| HN Mirror

Y	Hacker News new \| ask \| show \| jobs

by chaxor 1098 days ago

What is the correct tool to properly merge a large set of tar.gz files for which may have an enormous overlap of similar files, and some that have been altered just slightly?

Git plus some parsing seems close in that space, as analyzing the files to create a dendrogram like tree of potential alterations to files over time by levenstein distance may be useful to approximate commit history. However, this doesn't seem to exist or be popular as a tool. There's vimdiff or meld, but they are extremely manual and tedious to the extent of being pointless to try for something like a large history of takeout tar.gz's.

Throwing in the towel completely, borgfs can be helpful to reduce the amount of space they take by de-duplication on the block level, but this is a terrible solution as it doesn't really track file changes in a reasonable way, etc. It is useful to extract the files into a directory without the tar or gz, but this can also cause issues with how to appropriately organize the directory structure over the history.

Any thoughts or projects that do a better job of this?

1 comments

mholt 1098 days ago

> What is the correct tool to properly merge a large set of tar.gz files for which may have an enormous overlap of similar files, and some that have been altered just slightly?

Can you elaborate on this? My understanding is that they should all extract into the same target folder without issues because each archive's set of files is distinct. But maybe I'm just assuming wrongly?

What exactly is your goal, too? It sounds like you are trying to find and de-duplicate visually similar images? Like what do you mean by "enormous overlap" or "altered just slightly"?

link

chaxor 1092 days ago

The problem isn't one takeout overlapping (multiple zips from one date) it's many takeouts over the years (full history).

So for example in 2001, you make a takeout with 30 zips, and then delete half of your photos off of Google. Then in 2007, you have another 20 zips, and delete 25% of your emails and photos to make more room, 2008 again, on up to now.

So now you have a big folder with many zips, and maybe some extracted folders, because things happen over the years, etc.

What's the best tool to merge all of this into one directory?

Got can help for the notes from Google keep that may have had things appended to or removed, photos can be overlapping a bit so really a set union is all that's required for many files, but some will be slightly different like the Google keep notes.

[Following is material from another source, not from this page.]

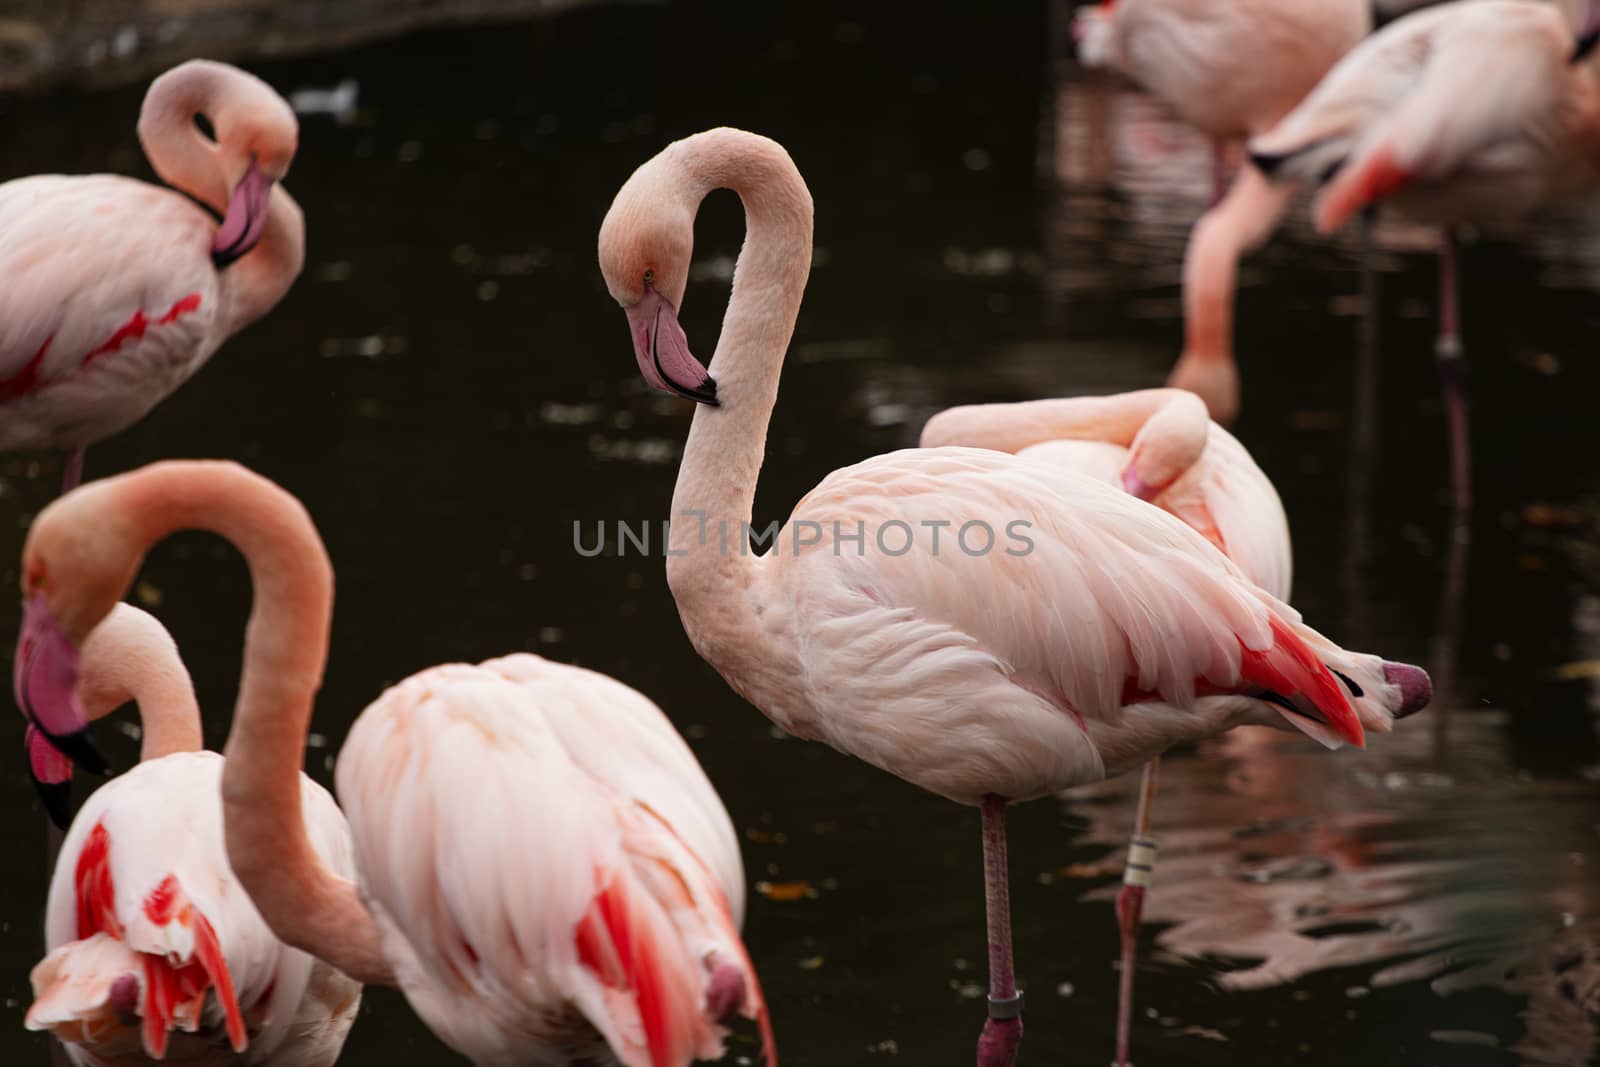 pink flamingo at a water front cleaning an chattering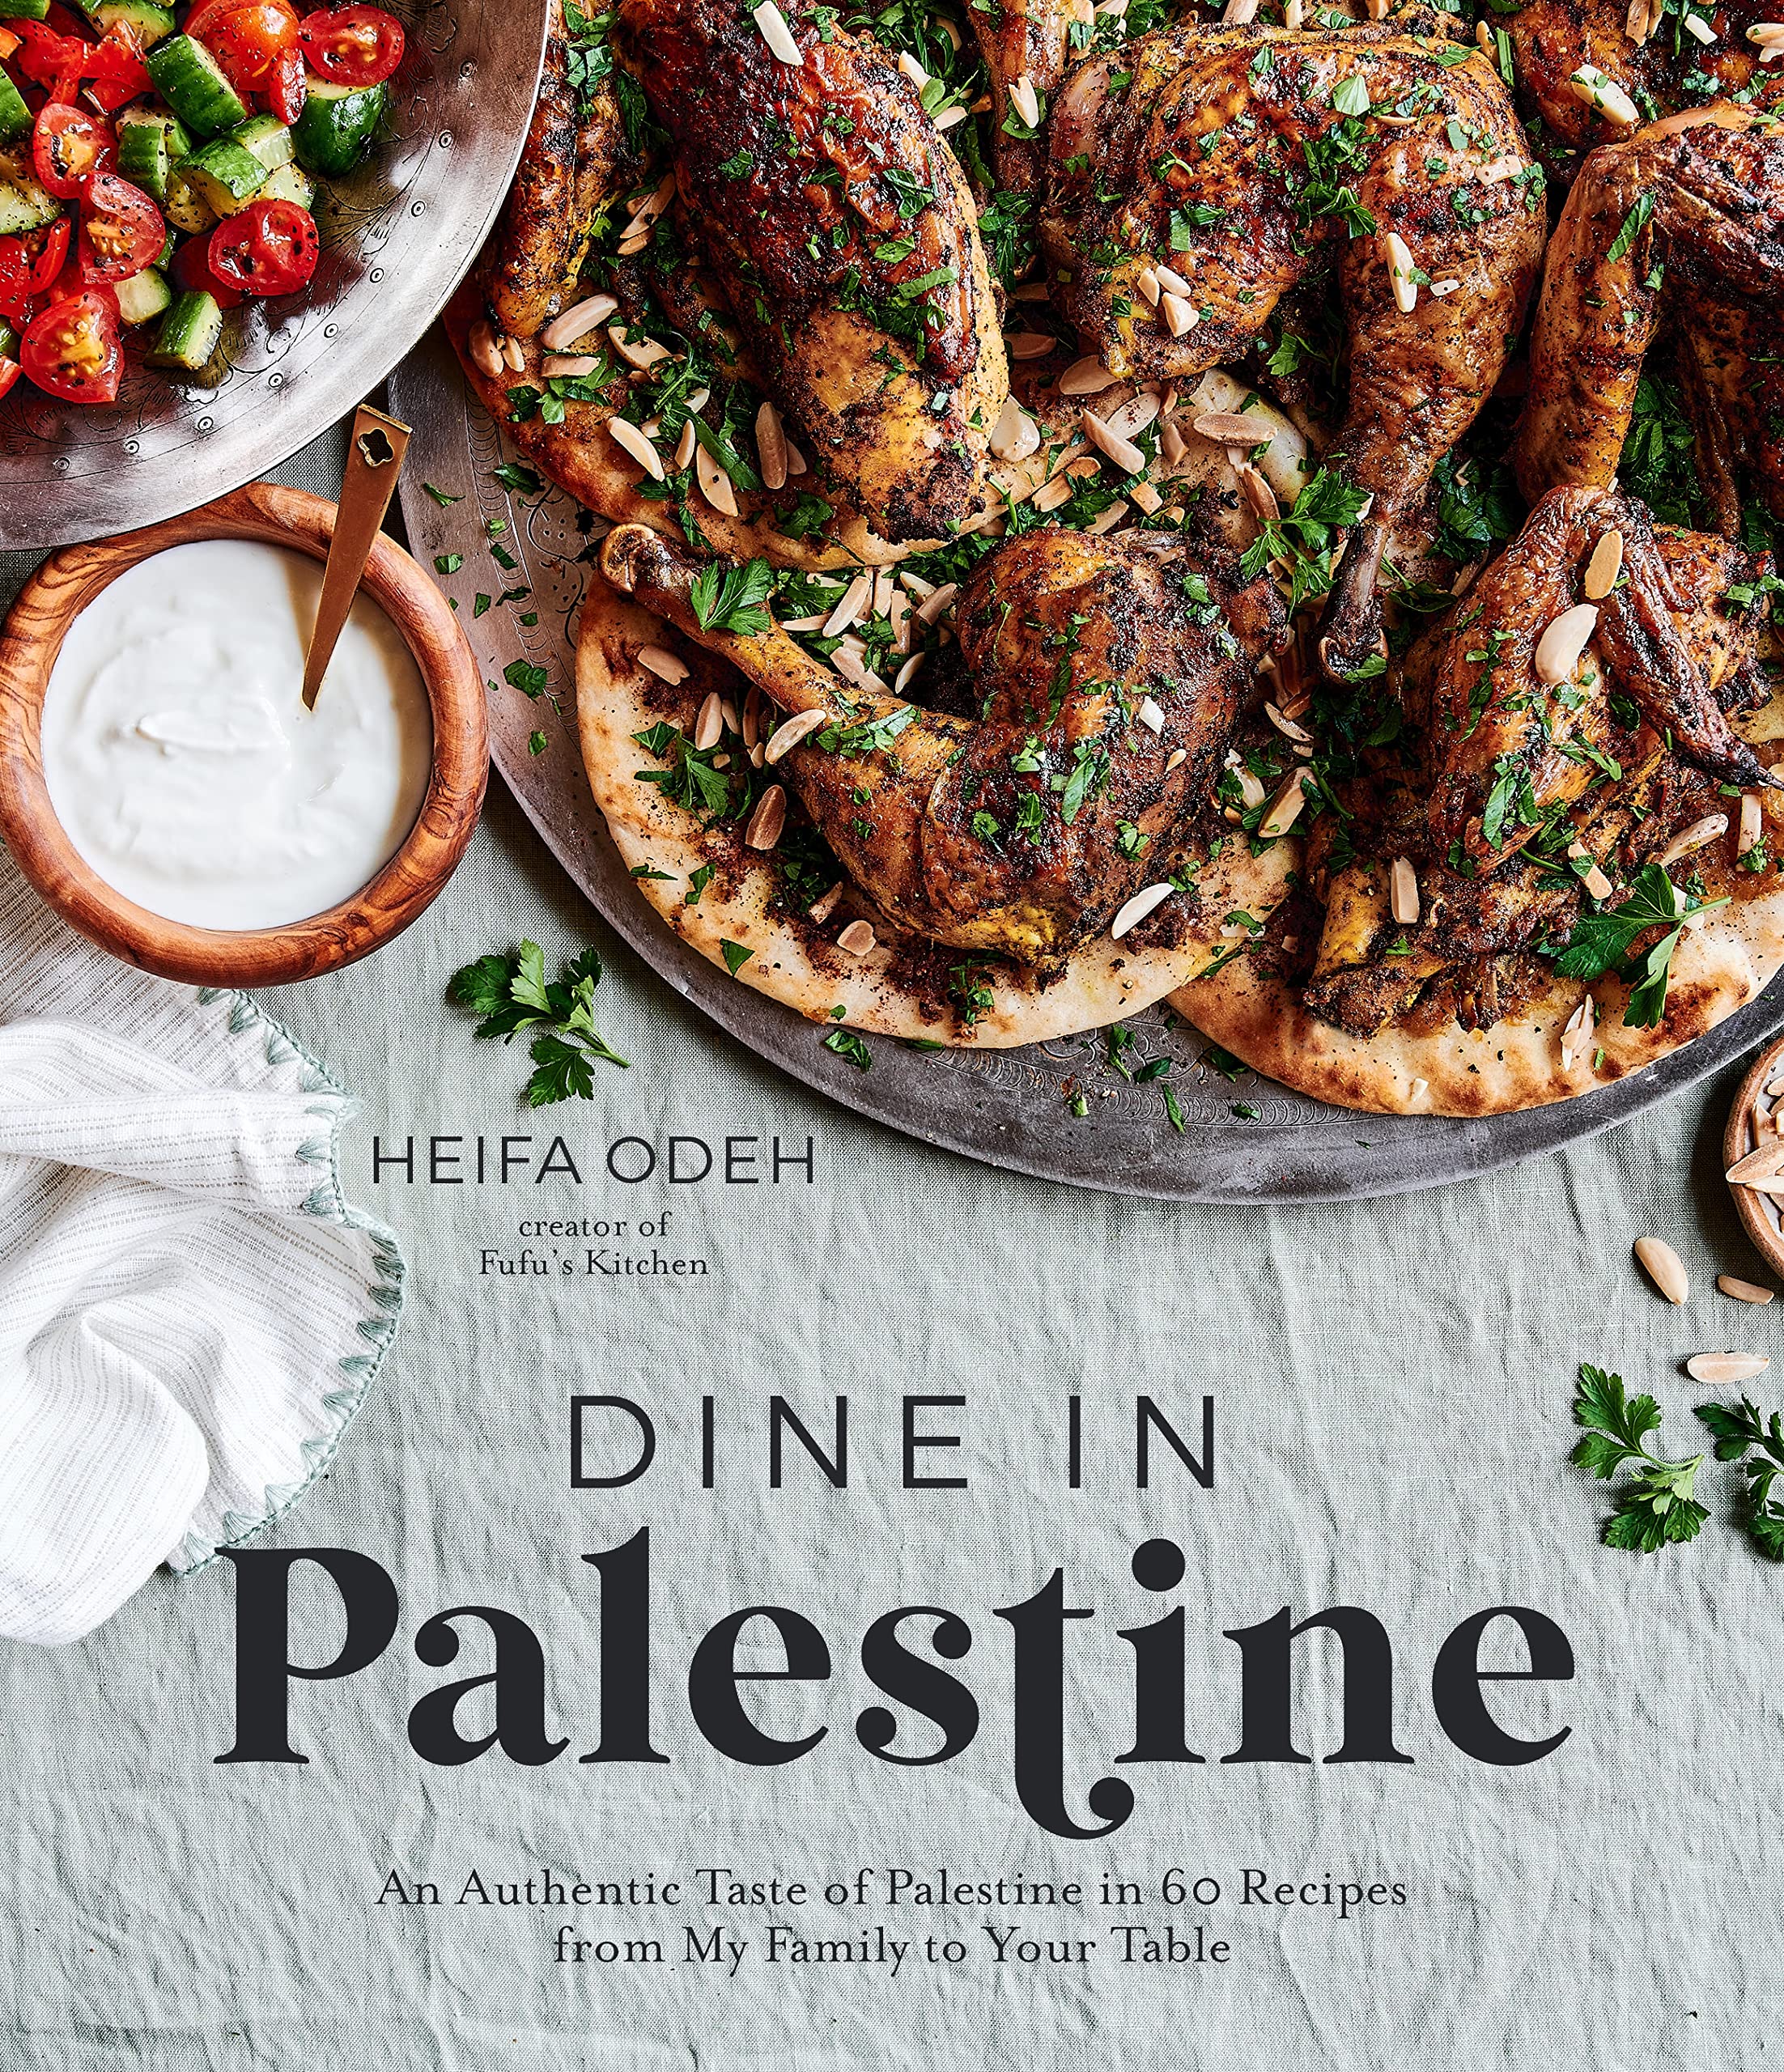 Dine in Palestine: An Authentic Taste of Palestine in 60 Recipes from My Family to Your Table | Heifa Odeh

My best thought is to make some git repo and add things in, but to do a levenstein distance on the bits of each file to check if there is overlap in content and to estimate the 'lineage' of a file if there is significant overlap with another. Effectively you reconstruct the git commit tree with the set of all files over all histories. Then you build the git repo history from all of the files.

This would likely just be a local git repo since it would likely be several terabytes of info, but that would be the general idea I guess.

I just haven't found a good tool to actually do this easily unfortunately, but it seems like it would be a very basic , or commonly used scenario (especially for those 'should-be-a-git-repo' directories that everyone made before knowing about git. You know the ones: 'myfile.v1.doc', myfile.v2.doc', 'myfile.final.doc', myfile.reallyfinal.doc', myfile.finalfinal.doc')

link

mholt 1092 days ago

_> So now you have a big folder with many zips, and maybe some extracted folders, because things happen over the years, etc._

Oh, right.

Timelinize can do that. Takeout all your data, then import it into Timelinize. Then delete your Takeout (after Timelinize is finished and stable, of course, heh). Then next time you Takeout, just import it all into Timelinize again. (It de-dupes!) Then delete the Takeout, etc. (Maybe Timelinize can do the cleanup for you someday.)

The de-duping depends on the item being recognizable. Best if the data source provides an ID. Otherwise, things like certain metadata and content can be used to determine duplicates.

link

citelao 1098 days ago

I'm not chaxor, but as far as I remember I think you're right:

If I had unzipped all the takeout directories into one giant folder, there'd be no conflicts.

Since I didn't do that, I had to do weird multi-pass parsing, since an album could be split across multiple ZIPs. I get a bit neurotic around backups like this, so I'd have loved some sort of virtualized filesystem that non-destructively represented all of those zips "merged together." But in retrospect, I should have just merged the directories into one folder---would have made parsing easier :)

I don't recall substantial problems with duplicates. Just weird renames and EXIF data mismatches. And since I was trying to archive my data, I definitely didn't want similar photos to be deduplicated.

My problems are probably different than chaxor's, though.

link